Repeat the listing that follows, character for character, minus the pictures.

_The data:_

════════════════

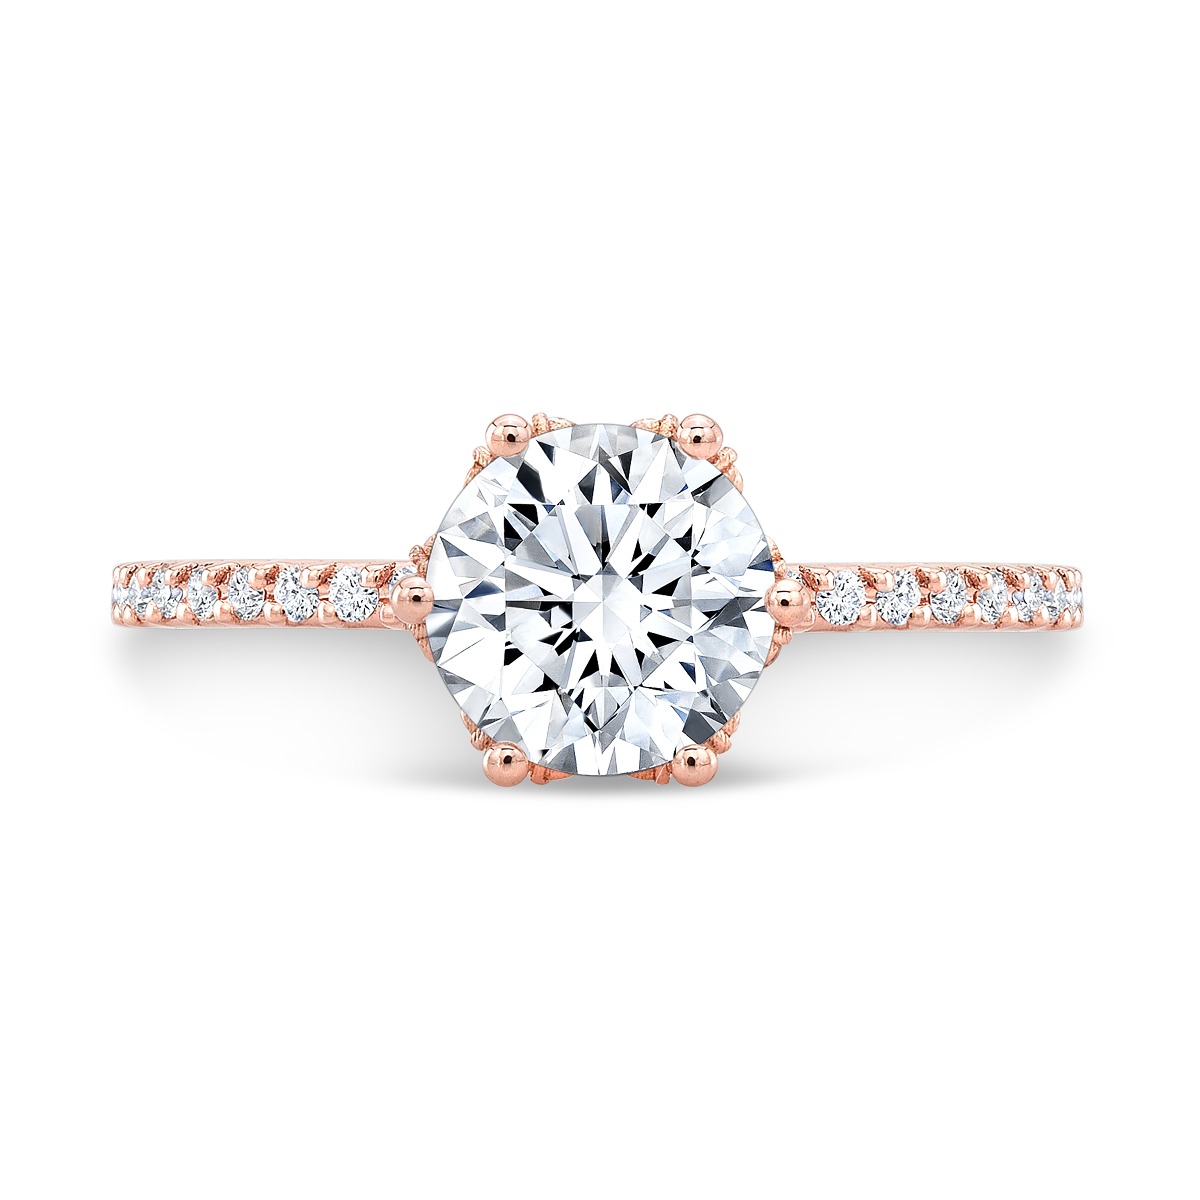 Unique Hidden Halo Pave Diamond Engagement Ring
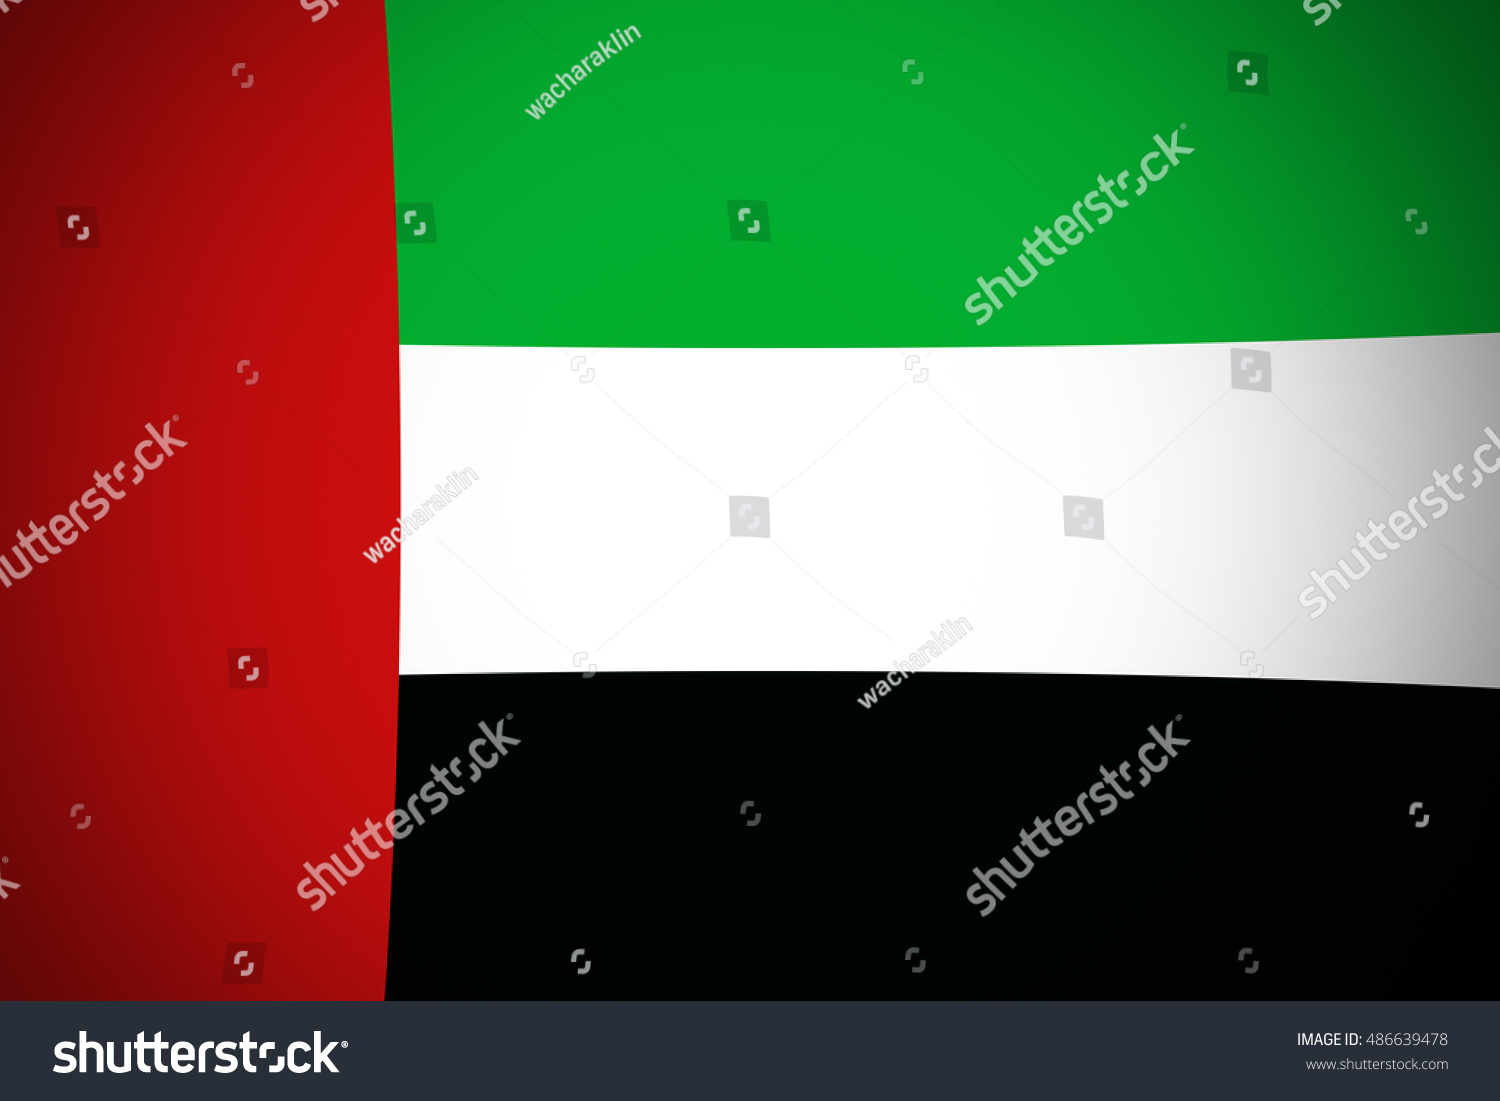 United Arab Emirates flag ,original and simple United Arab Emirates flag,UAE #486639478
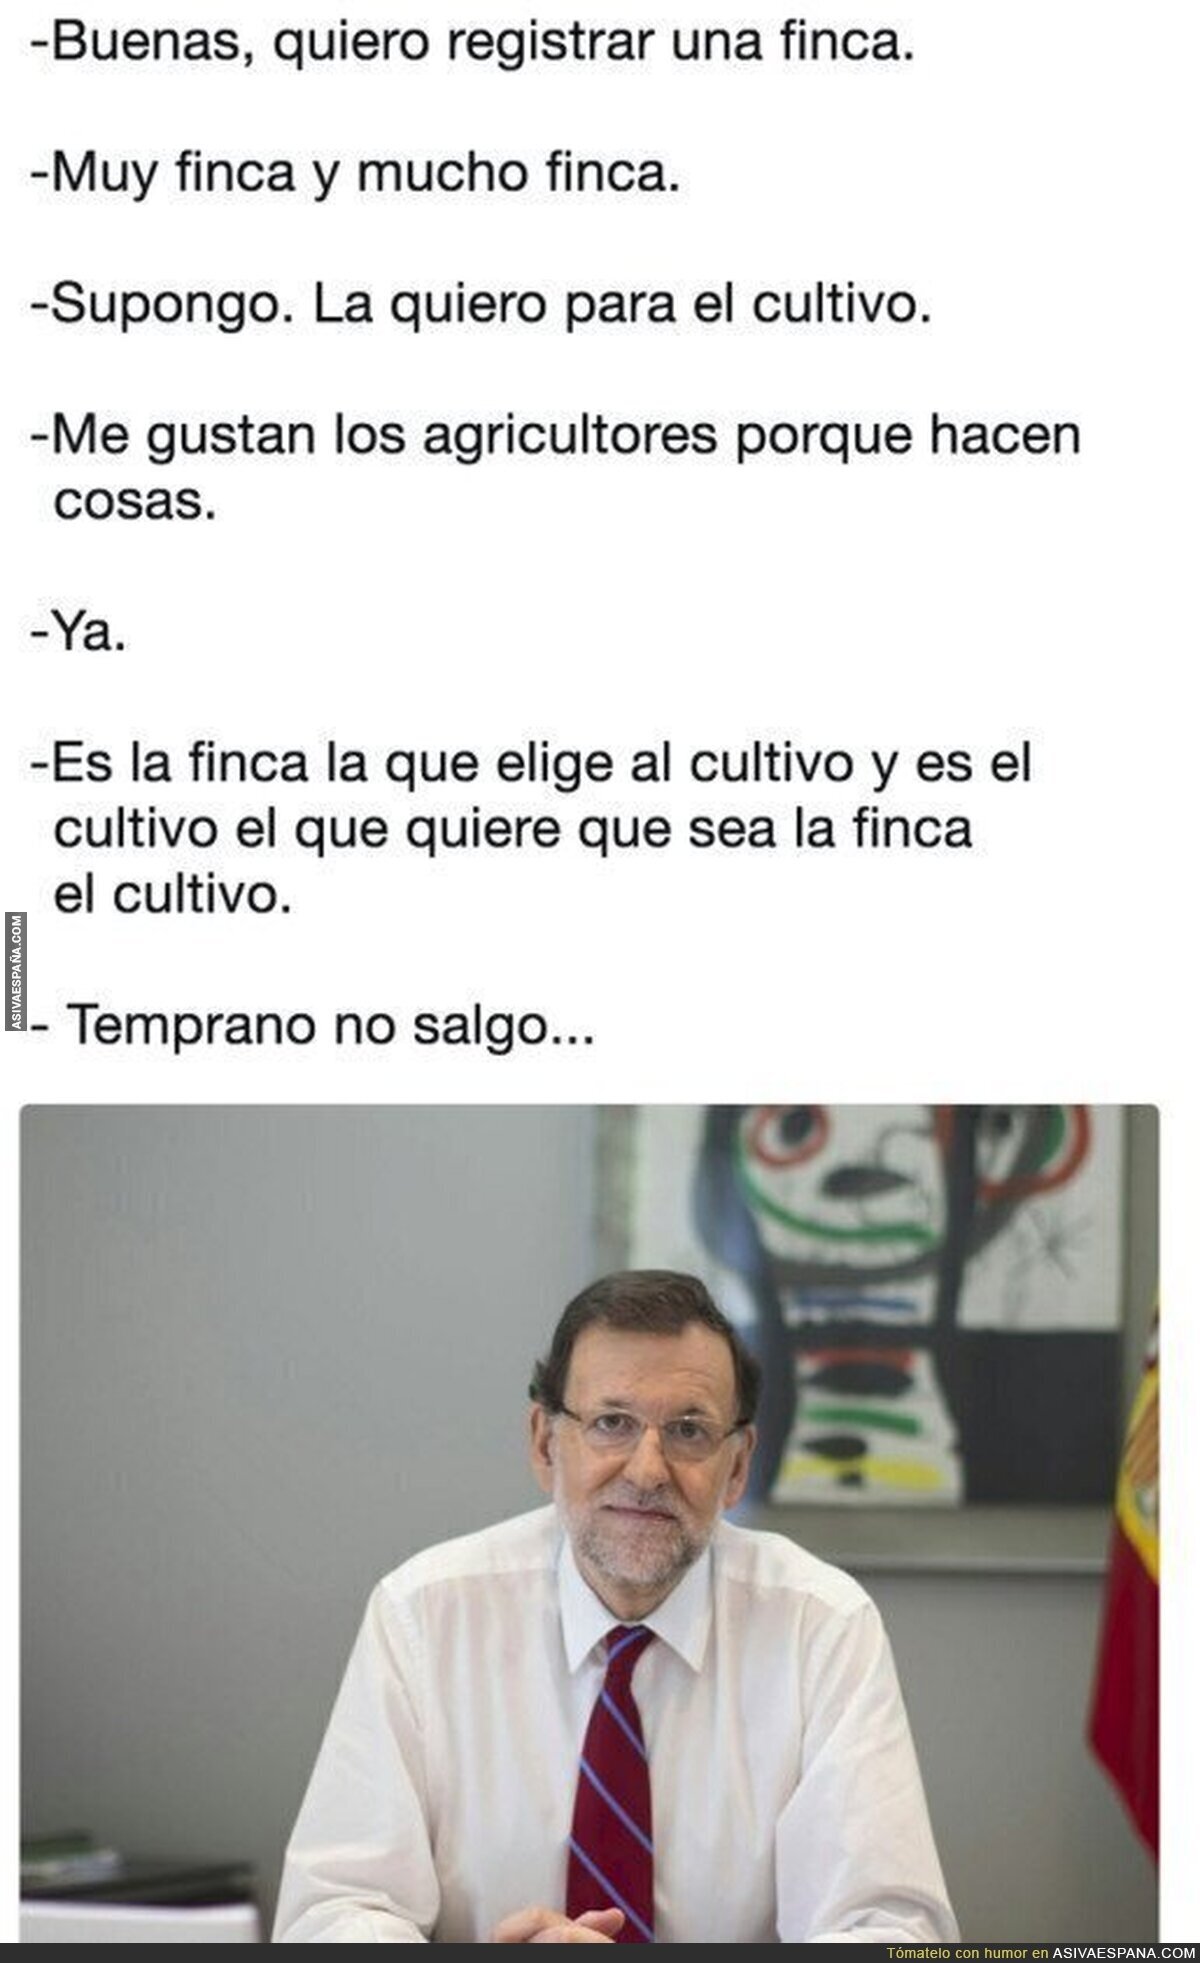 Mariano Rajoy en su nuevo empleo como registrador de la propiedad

════════════════

_Result of the exercise:_
 Unique Hidden Halo Pave Diamond Engagement Ring
 United Arab Emirates flag ,original and simple United Arab Emirates flag,UAE #486639478
 Mariano Rajoy en su nuevo empleo como registrador de la propiedad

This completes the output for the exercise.